What you have to do:
Reproduce the data below in full and exclude every picture.

Data block:
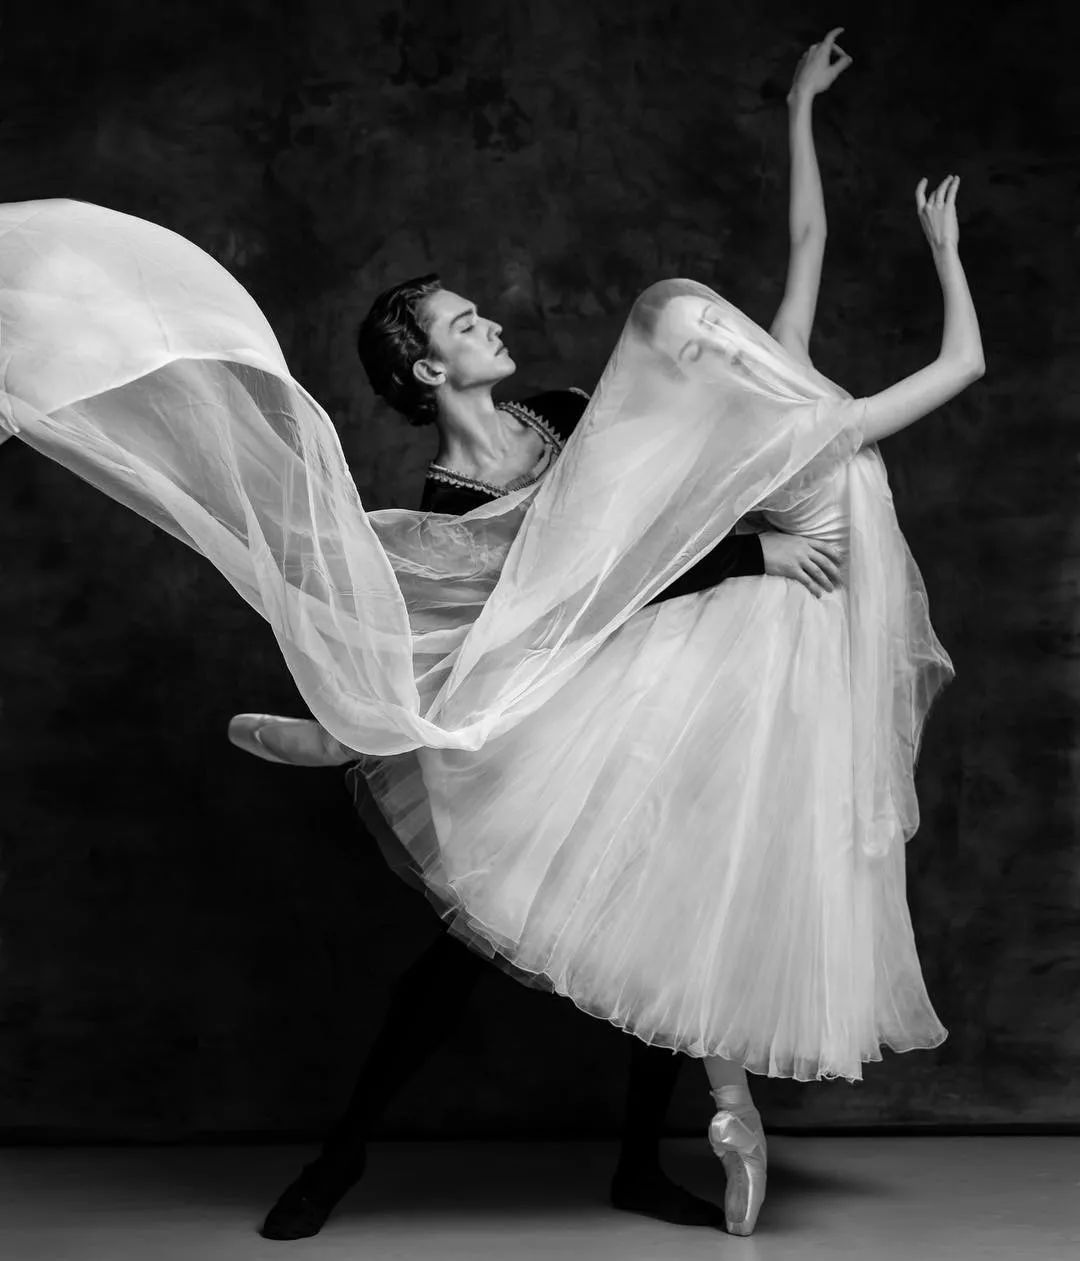 97年外国芭蕾舞少年爆红网络，明明是男人却被赞“美得像天鹅”？
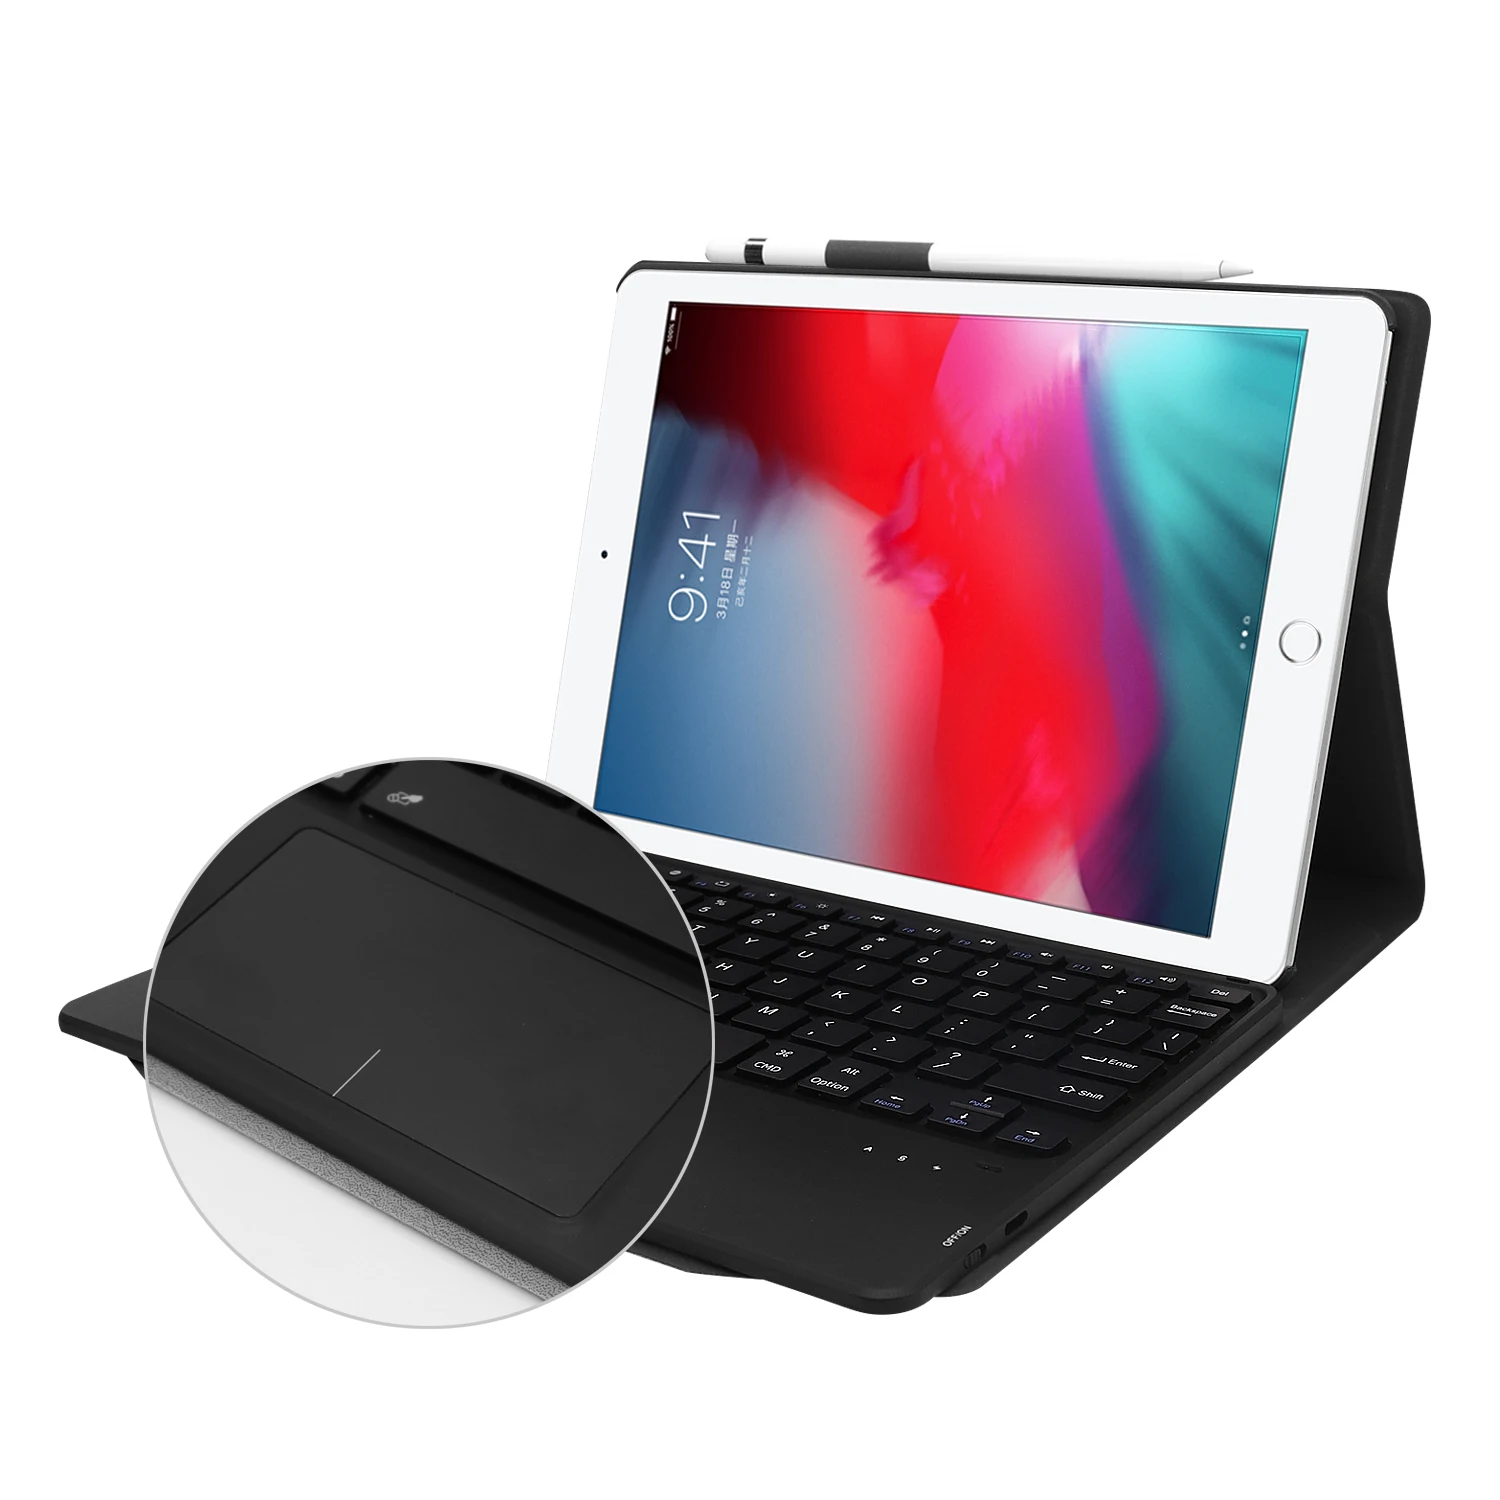 Чехол-клавиатура с сенсорной панелью для iPad 9,7 Air 3 10,5 Pro 11 mini 5 7,9 дюймов чехол-клавиатура для мыши для iPad 7th 10,2 клавиатура
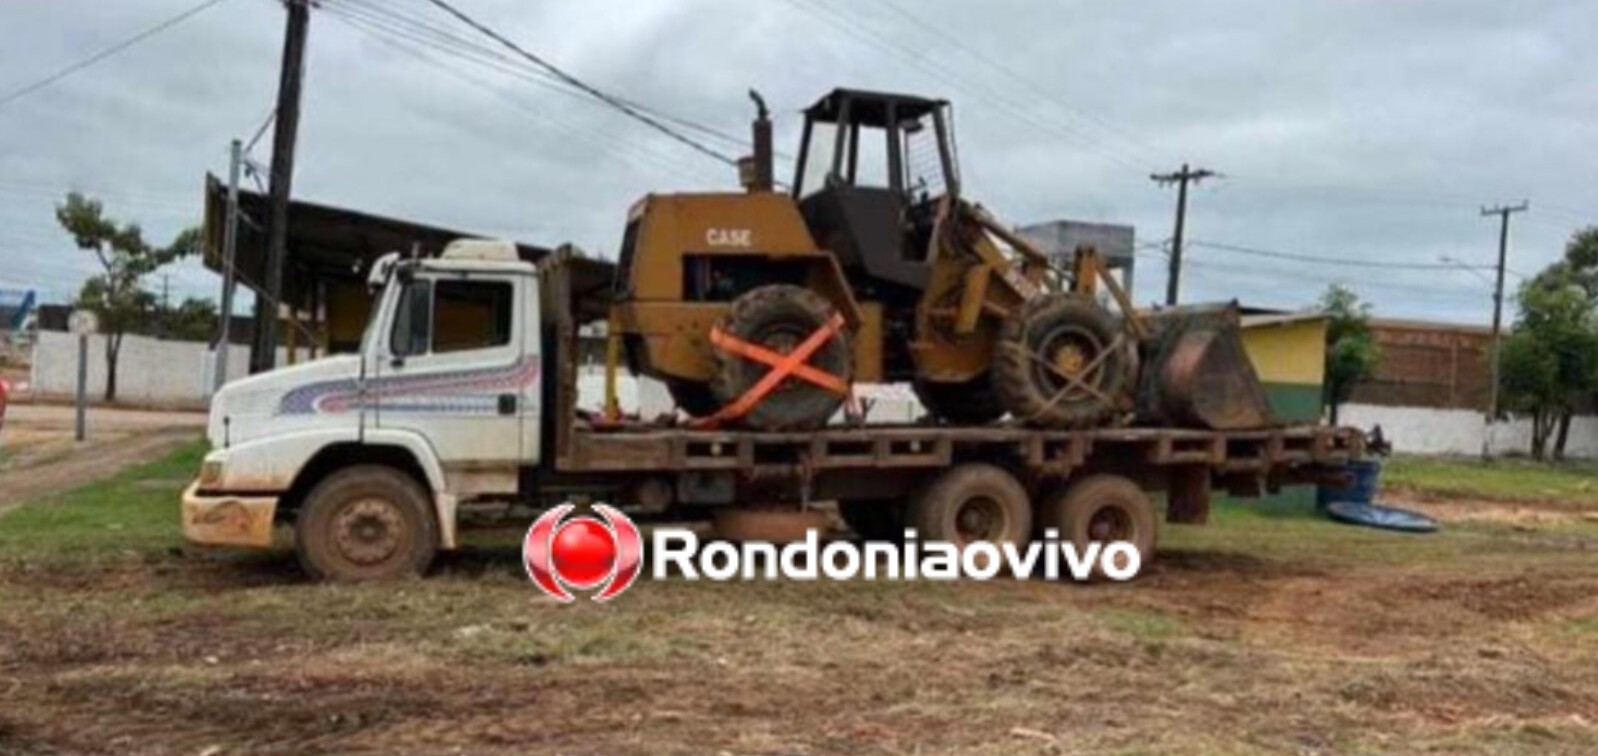 CATIVEIRO: Bandidos sequestram empresário para roubar caminhão e pá carregadeira

Solution to the exercise:
 97年外国芭蕾舞少年爆红网络，明明是男人却被赞“美得像天鹅”？
 Чехол-клавиатура с сенсорной панелью для iPad 9,7 Air 3 10,5 Pro 11 mini 5 7,9 дюймов чехол-клавиатура для мыши для iPad 7th 10,2 клавиатура
 CATIVEIRO: Bandidos sequestram empresário para roubar caminhão e pá carregadeira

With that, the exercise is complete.